Şimdi birileri çıkıyor ben Çerkezim diyor beriki Kürtüm, hop diğeri ben
Arnavutum… Herkesler her şey. Ne hikmetse
bir tek Türk yok. Hatta ırka indirgenip bu topraklarda o kadar az ve o kadar az
olduğuna dem vuruluyor ki, hani yok sayılsa ne çıkar gibisinden sanal bir algı bile
yaratılıyor. Hoş zaten bugünlere bizi getirenler de o “sanal algı yaratıcısı”
kenarımın aydınları değiller mi? Onlar. Kimdir onlar? Malûm gazetelerin
köşelerinden çığırtkanlık yapanlar yani medya-Tv ve bir de tabii ki internet
platformları.
İyi de sormazlar mı adama, madem bu topraklarda Türk yok(denecek kadar
azdı da), neden herkes Türkçe konuşuyor?
Sen Arnavutum diyen, neden Türkçe anlatıyorsun derdini?

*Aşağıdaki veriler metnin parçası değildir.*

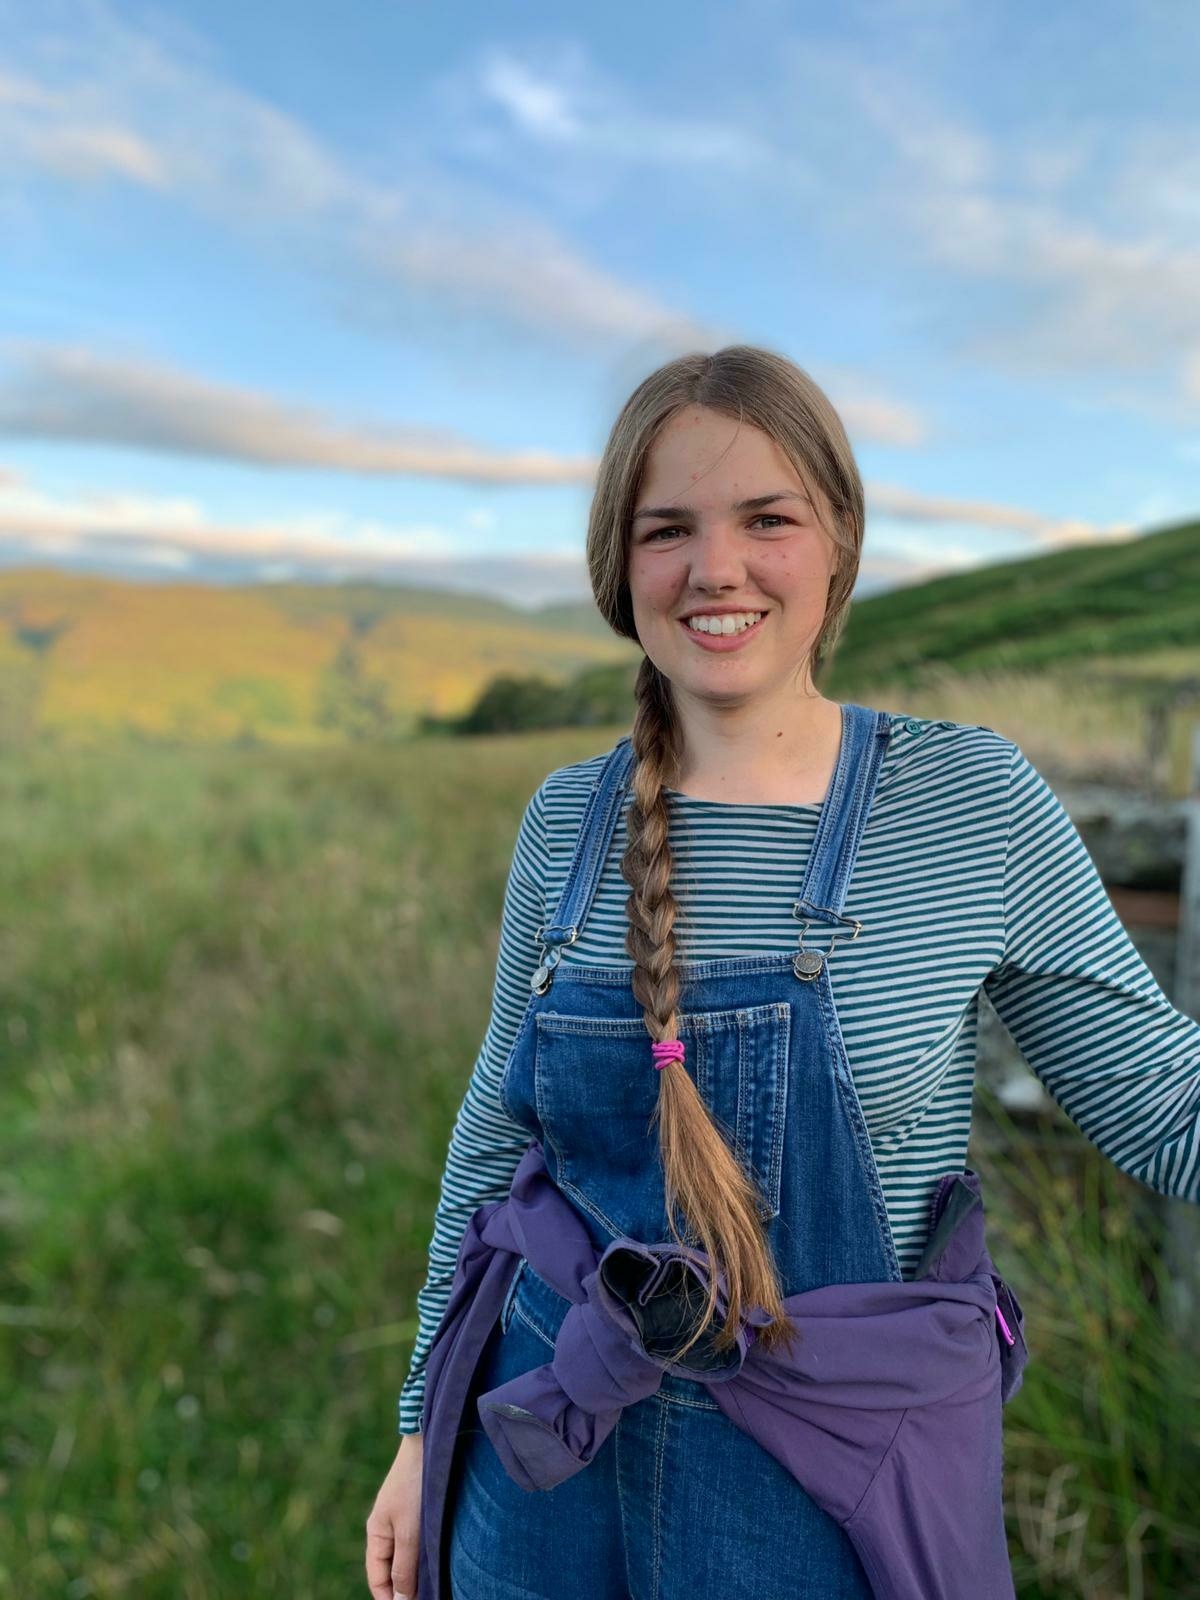 Young storyteller, Ailsa Dixon, smiles at the camera against a background of blue skies and mountains.
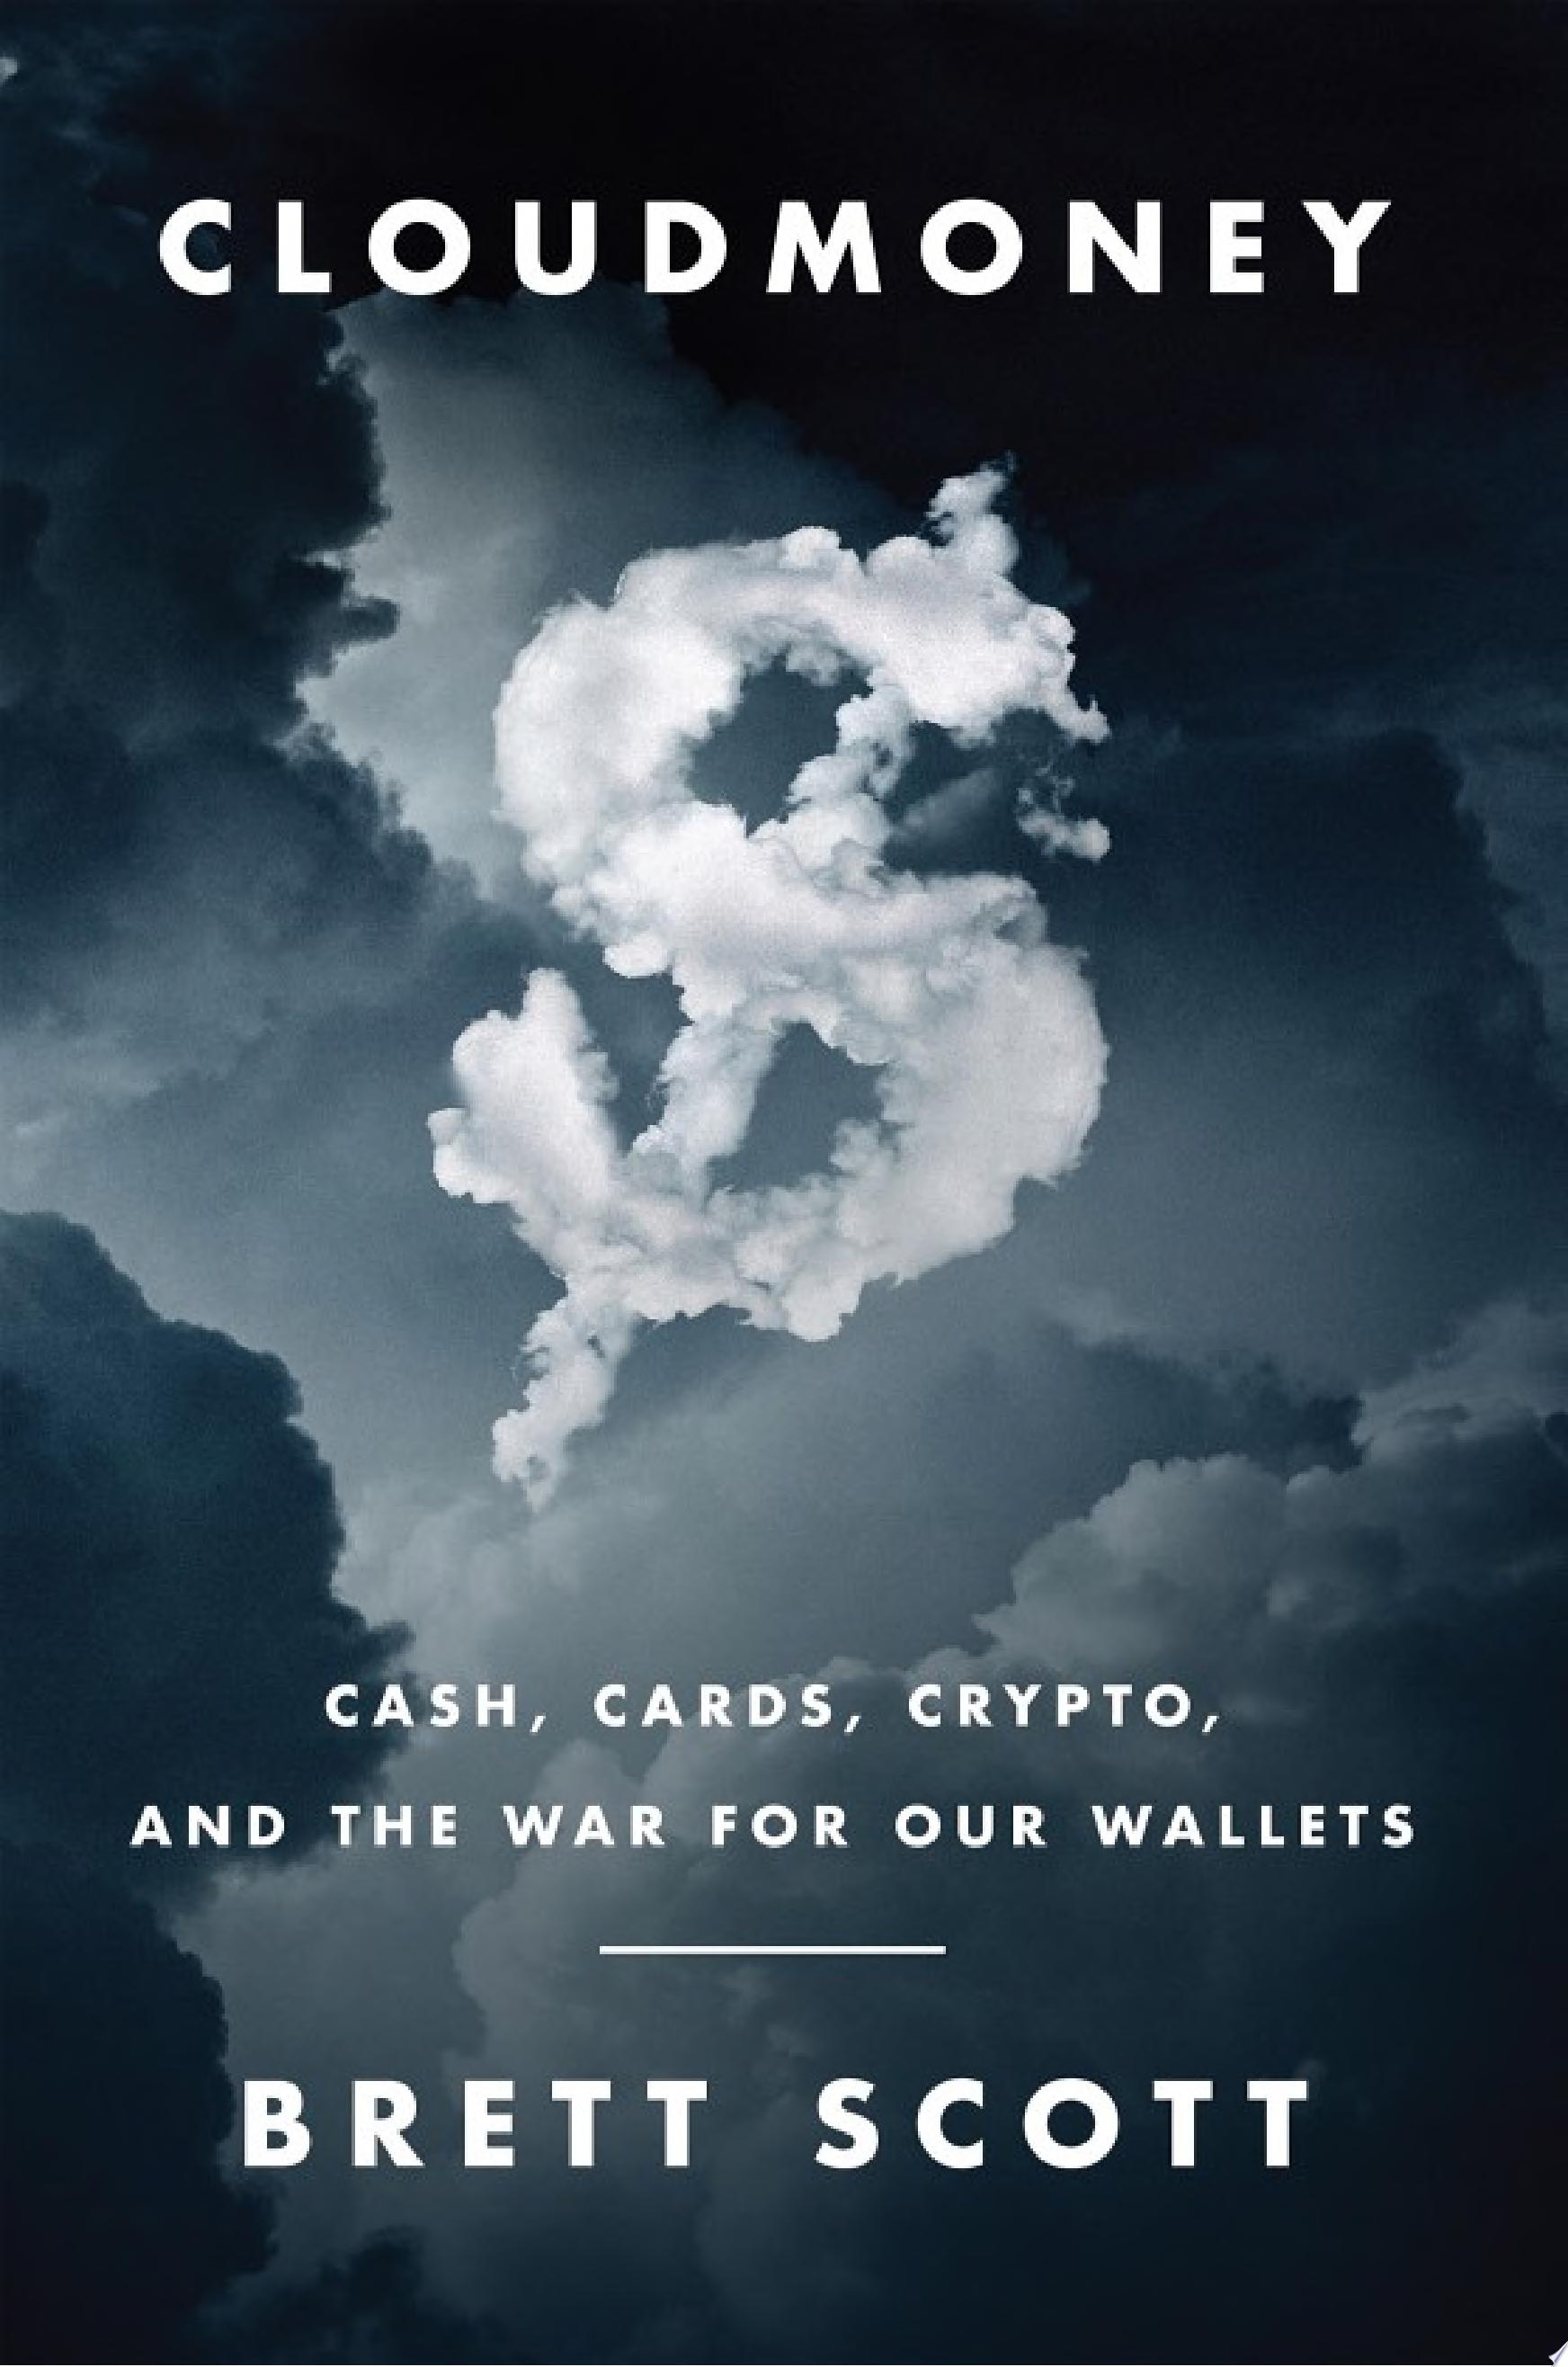 Image for "Cloudmoney"

Şimdi tabii biliyoruz ki ben böyle konuştuğum zaman ancak bir
tamlamayla anılırım. Nedir? Faşist Türk. Herkes her şey olurken bir hümanizm ve
demokrasi haresinin altından çağım çağım çağlarken, ben “Türküm” dediğimde hoop
ben hemen faşist Türk oluveririm.
Bir Kürt, töre gelenek görenek adı altında 12 yaşında kızları gelin
ederken, çocuklarına rojda berfin gibi isimleri koyarken kültürünü yaşatıyor
denilir ama gelin görün ki bir Türk çocuğuna Timur, Kaan, Gökçe demeye görsün.

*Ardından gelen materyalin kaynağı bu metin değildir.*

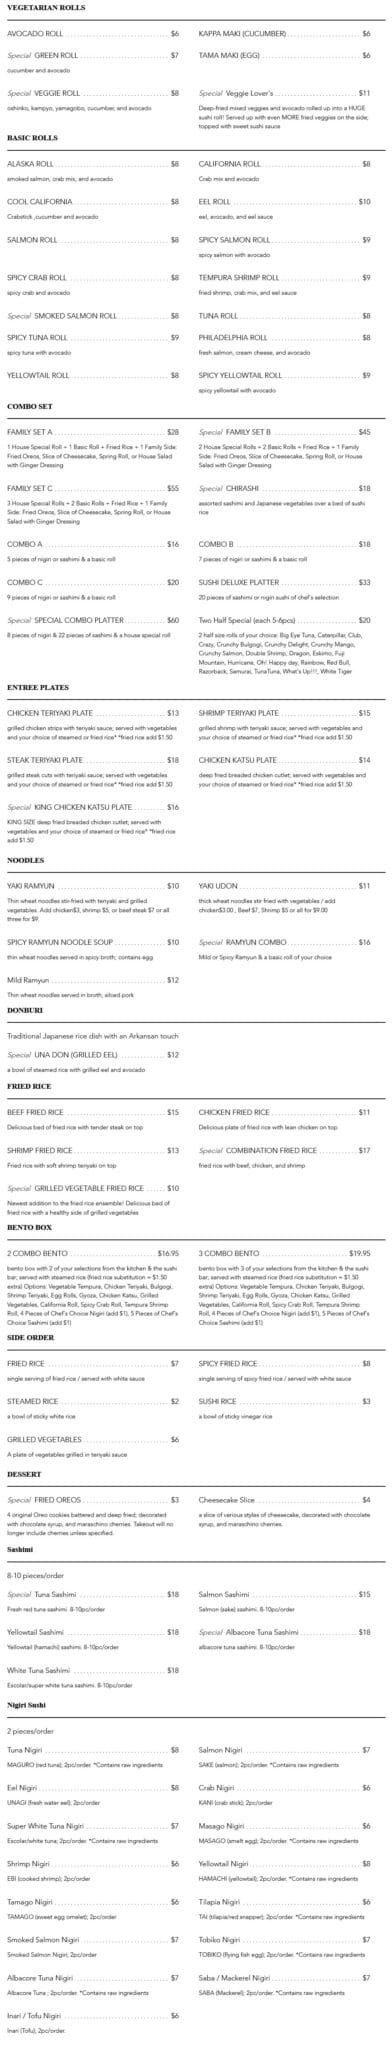 Osaka Sushi - Rogers - Menu with Prices

Hoop yine faşist, hatta pis faşist Türk’tür. Geleneklerimi yaşatmak istiyorum diyebilen
bir Türk’e rastlayamaz olduk. Değil bunu diyebilmek, imasını dahi yapsa nasıl
damgalanacağını bilir çünkü. Oysa ben gayet samimi söylüyorum, şalgamın,
şarabın, çiğköftenin ve hemen her kültüre ait her şeyin tadını, hatta suşinin
bile tadını biliyorken hayatımda bir damla bile kımız içmedim. Neden? Benim kültürümü
yaşatmamın önü tarihler boyu neden hep kapatılmış olabilir ki? Herkesin
kültürünü yaşamasının önü bu denli açıkken ve bu durum hümanizm çığlıkları
atılarak onanırken benim kültürümü yaşamam ve sürdürmem neden yasaklı?

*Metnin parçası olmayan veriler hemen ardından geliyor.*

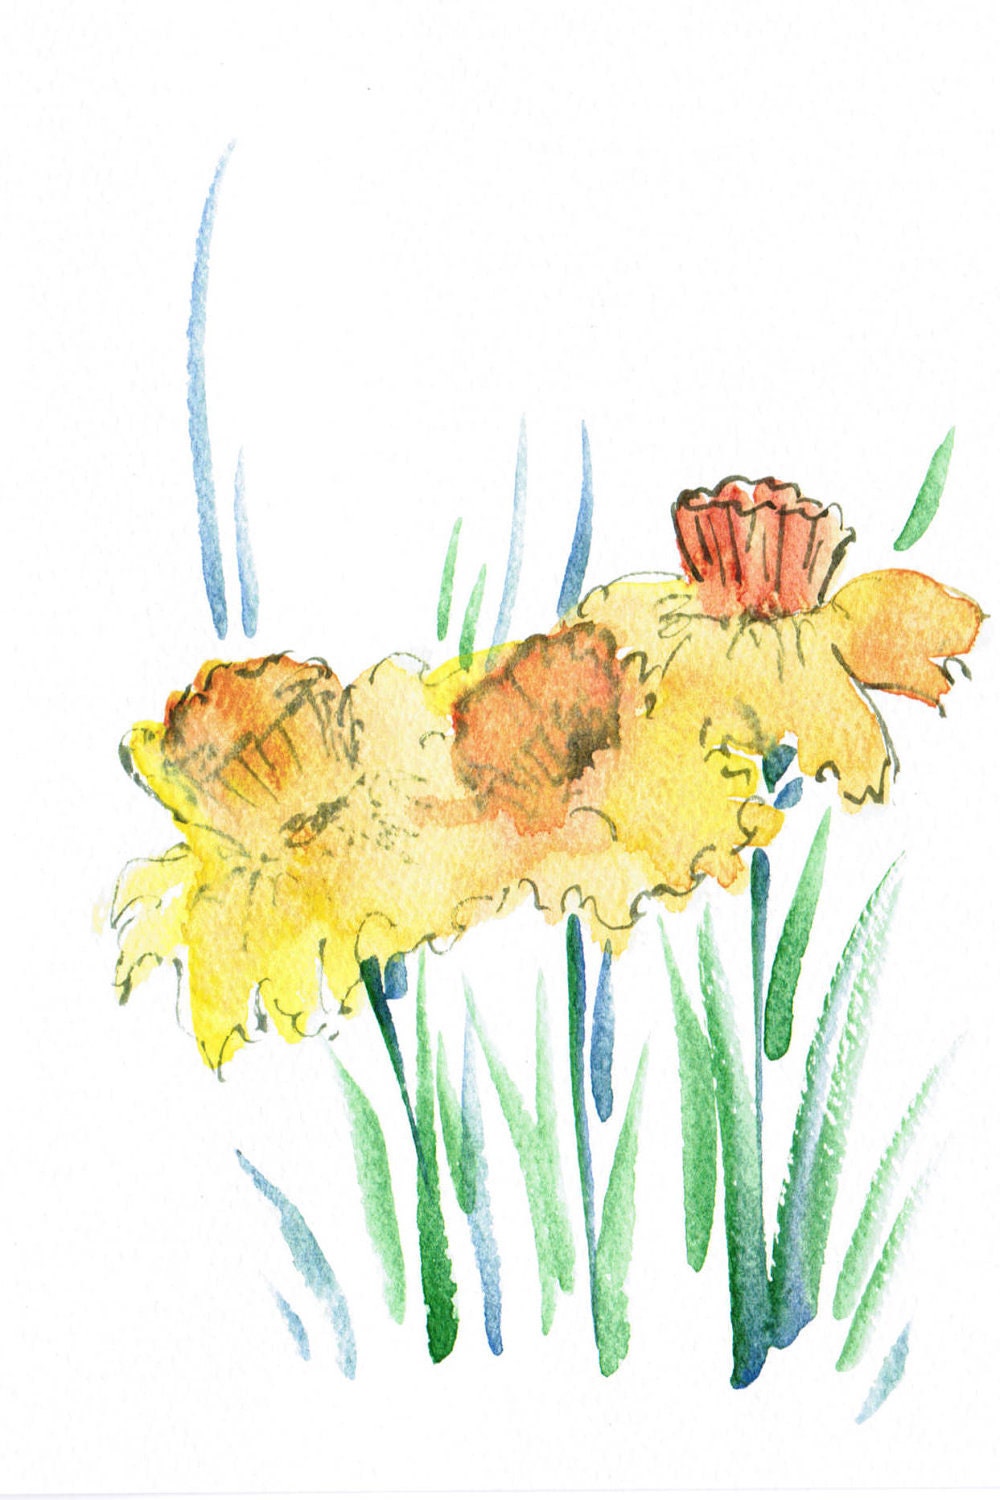 CIJ Handpainted Greeting Card Yellow Daffodils Thank you notes Note cardsWedding Watercolor Art Any occasion Women Teens Blank under 10 - HandmadeExclusives

İşte tüm bu palavra ve sanal örtülerle bugünlere kadar gelindi. Tüm
bunlarla Türküm demeye dili varmayan insanlar yaratıldı. Ve neredeyse Türküm
demek bir nevi ayıplı sıfat haline getirildi. Bunun bir sonraki aşaması sanırım
küfür edilmek istenen kişiye “Türk” demek
olacak.
Saygı duyduğum bir kişilik olmasına karşın, ilk okuduğumda Türk Irkı’nın
üstünlüğünü savunması nedeniyle hep bir adım geri durmuşumdur merhum H. N.
Atsız’dan. Ancak yüzlerce yıla dayanan ve Türk’lere karşı bıkılıp
usanılmaksızın tıpkı bir sürek avı gibi uygulanan bu yok etme politikalarına ve
bugün yaşadıklarımıza bakınca ben bile, bir ırkın bir diğerine üstünlüğü gibi
bir aşırılığı olmayan ben bile, acaba mı yahu demekten alamayacağım kendimi
neredeyse. Ve elbette Orhun yazıtları geliyor aklıma. Hani şu, “Üstten gök
çökmedikçe, yerden yer delinmedikçe” diye başlayan dizeler…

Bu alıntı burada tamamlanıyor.